Would you please repeat exactly the entries below, starting at the line with "PC-Sziget Info Kft" and ending at the line with "TI SENTO-Milano 9199DB", and nothing outside that range? Leave out the pictures.

• [EXERCISE DATA]
:::::

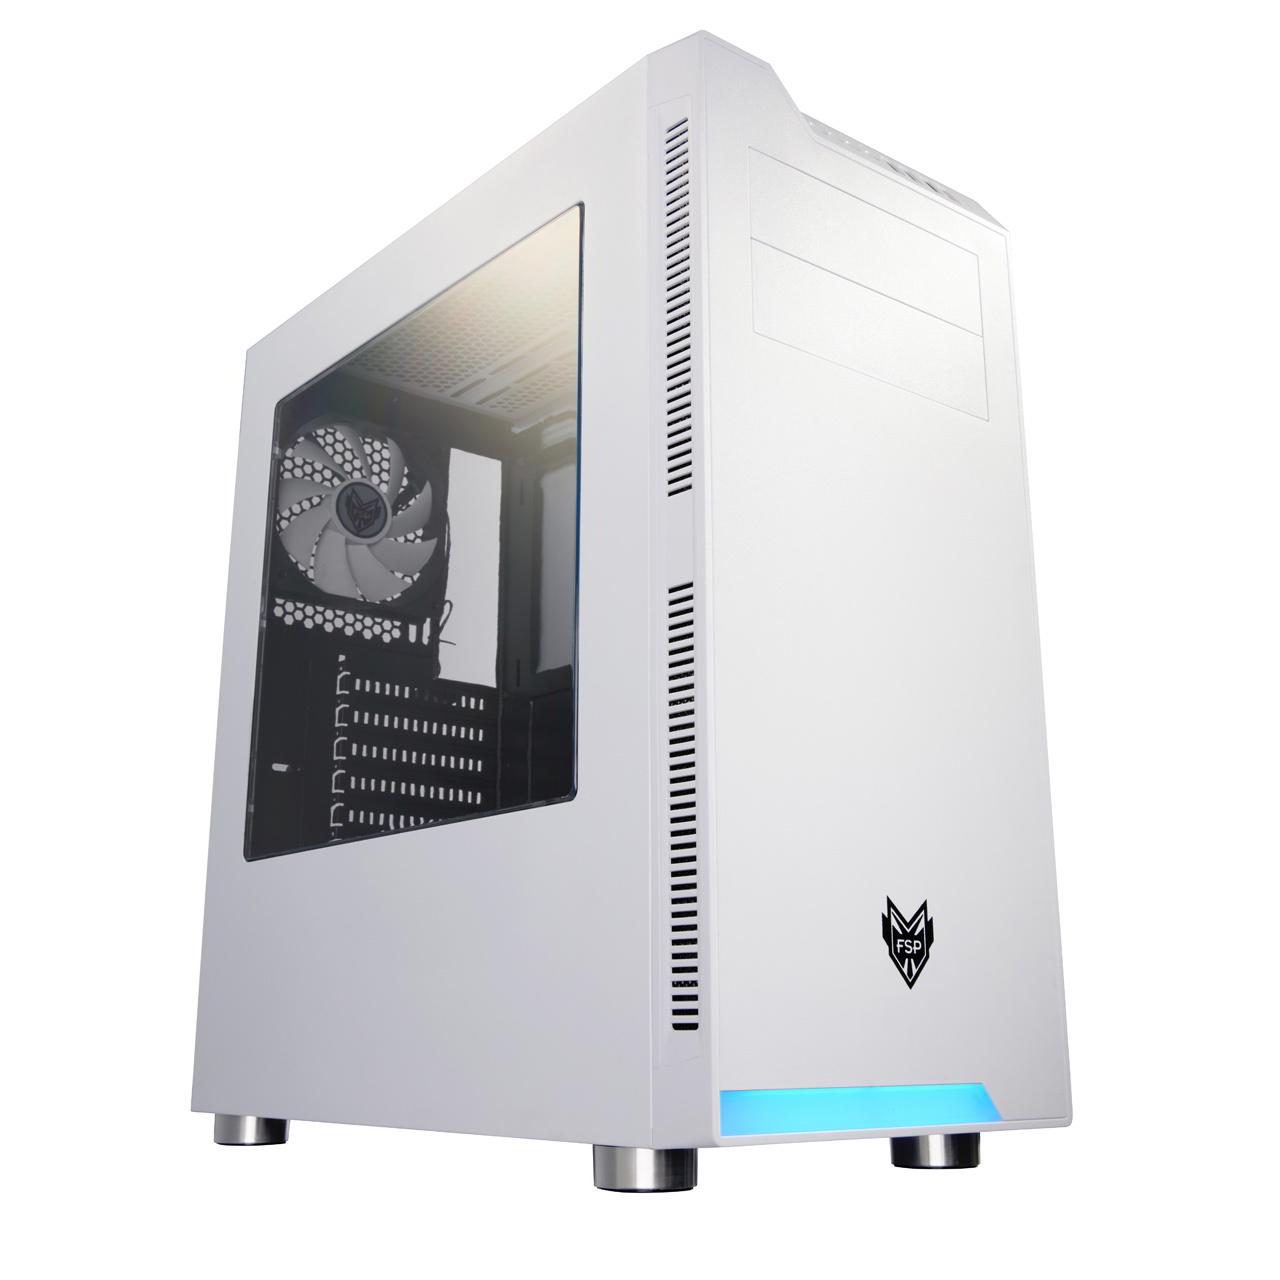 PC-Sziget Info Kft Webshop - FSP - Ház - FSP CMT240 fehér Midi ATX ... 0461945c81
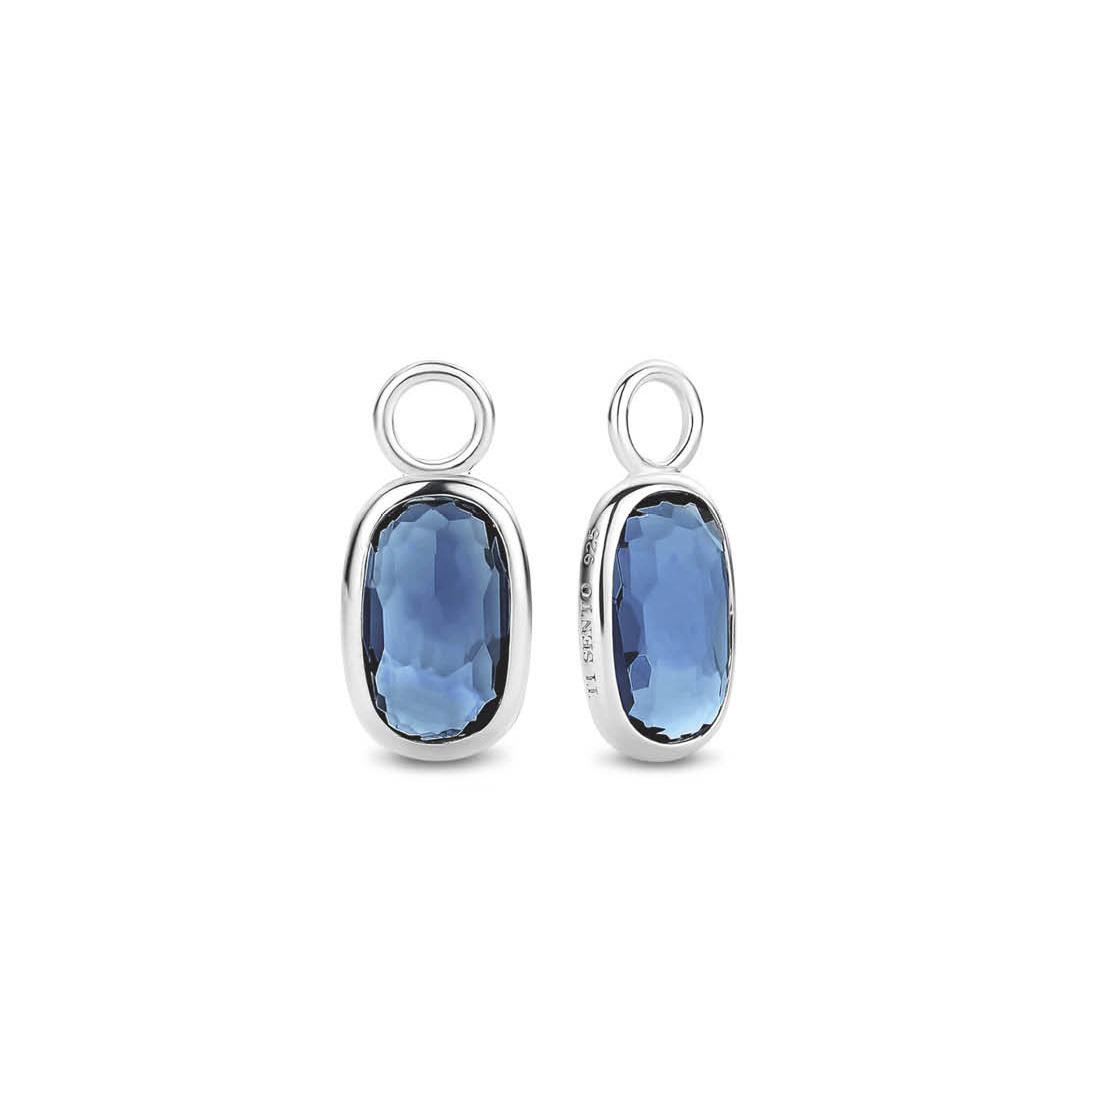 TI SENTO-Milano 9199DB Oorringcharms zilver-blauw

:::::

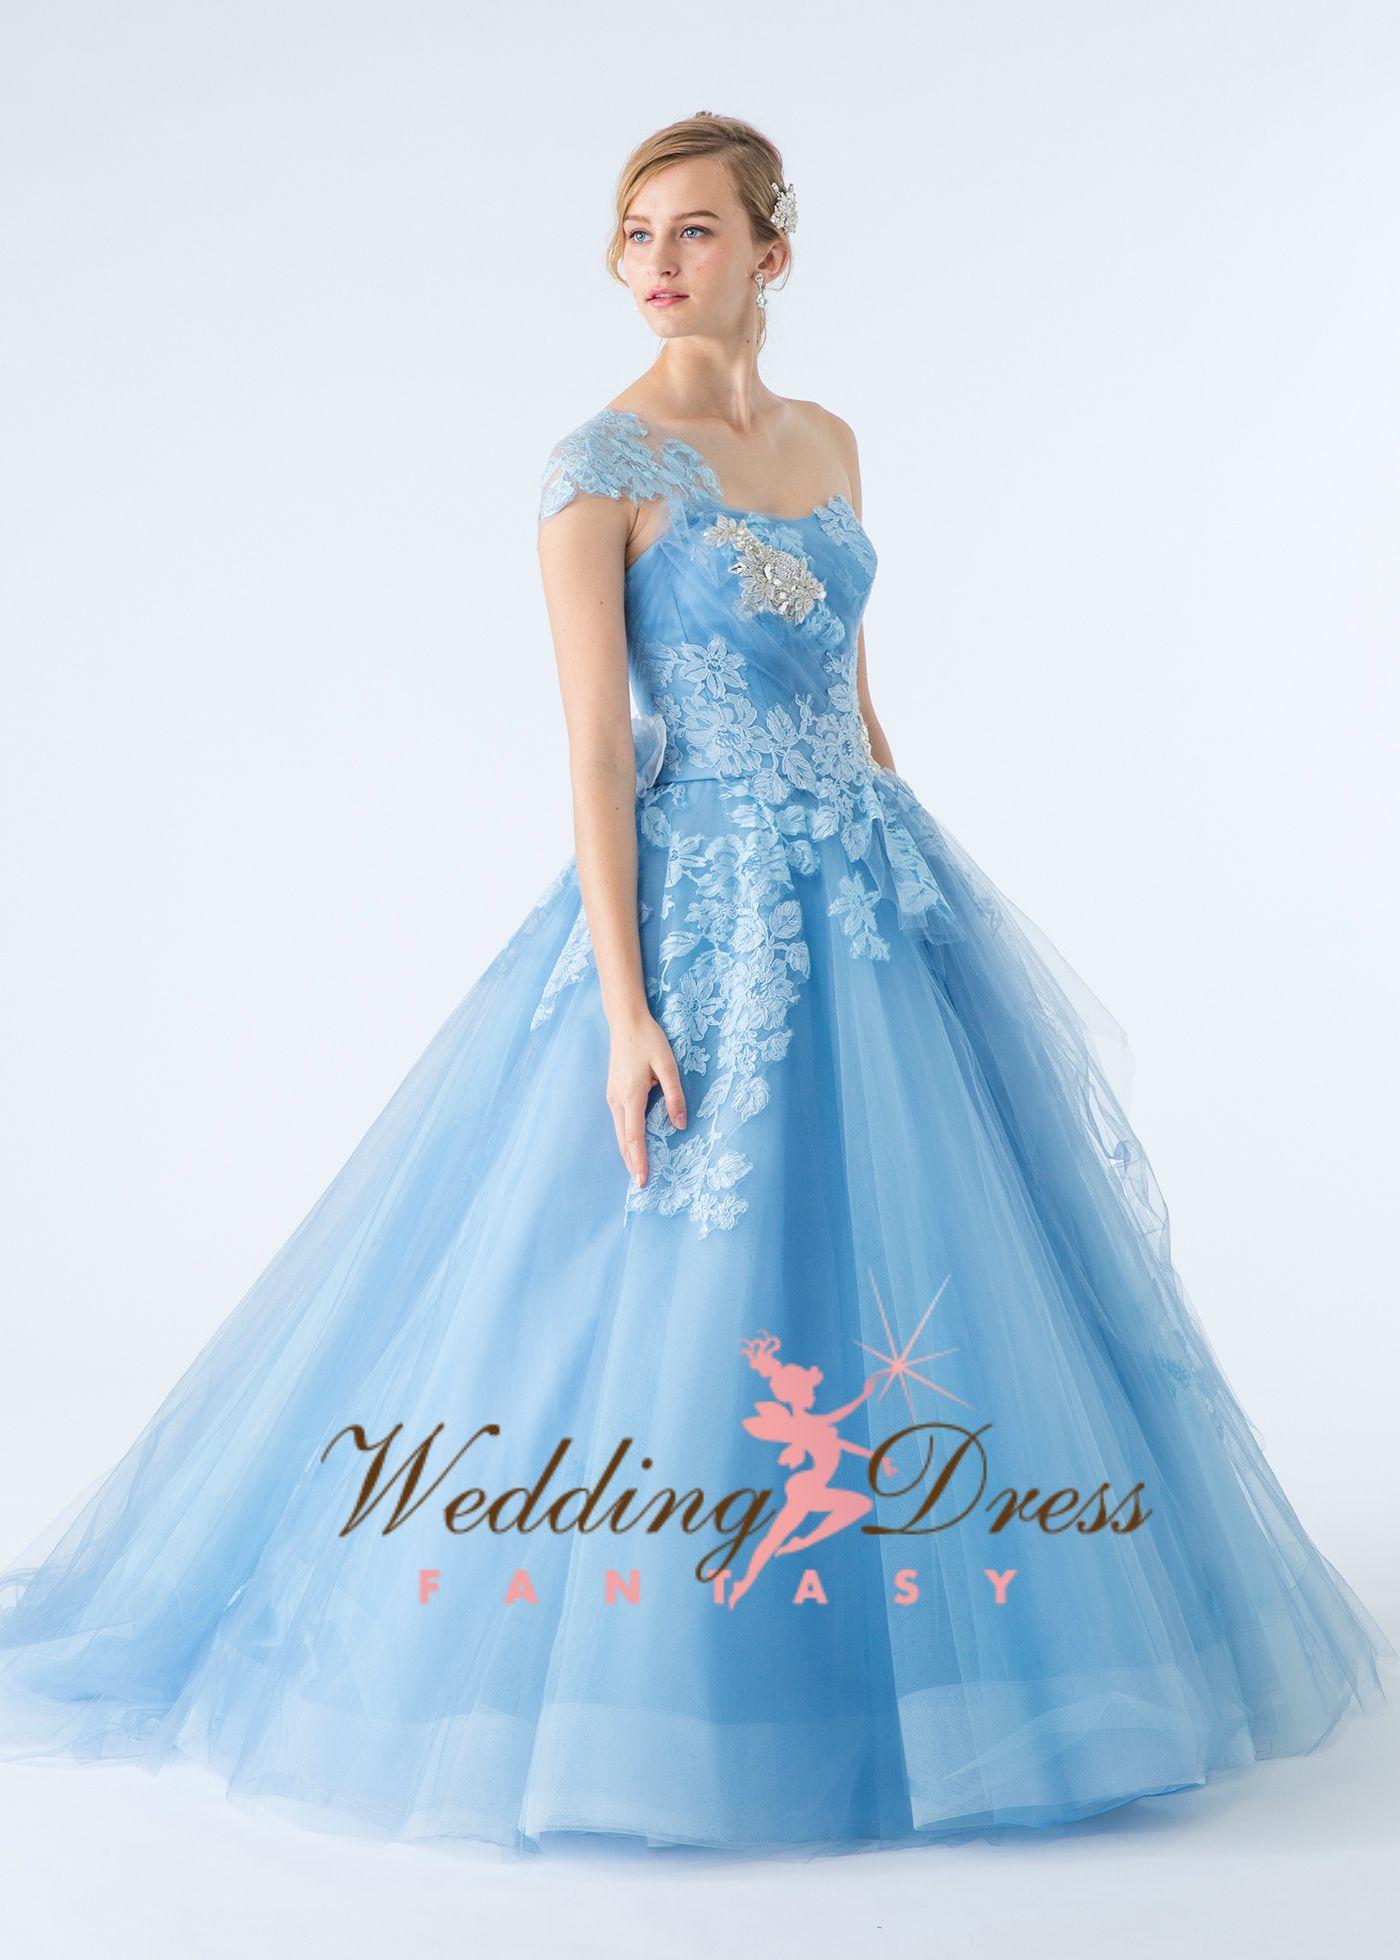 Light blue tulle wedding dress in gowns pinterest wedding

:::::

• [WRITTEN SOLUTION]
 PC-Sziget Info Kft Webshop - FSP - Ház - FSP CMT240 fehér Midi ATX ... 0461945c81
 TI SENTO-Milano 9199DB Oorringcharms zilver-blauw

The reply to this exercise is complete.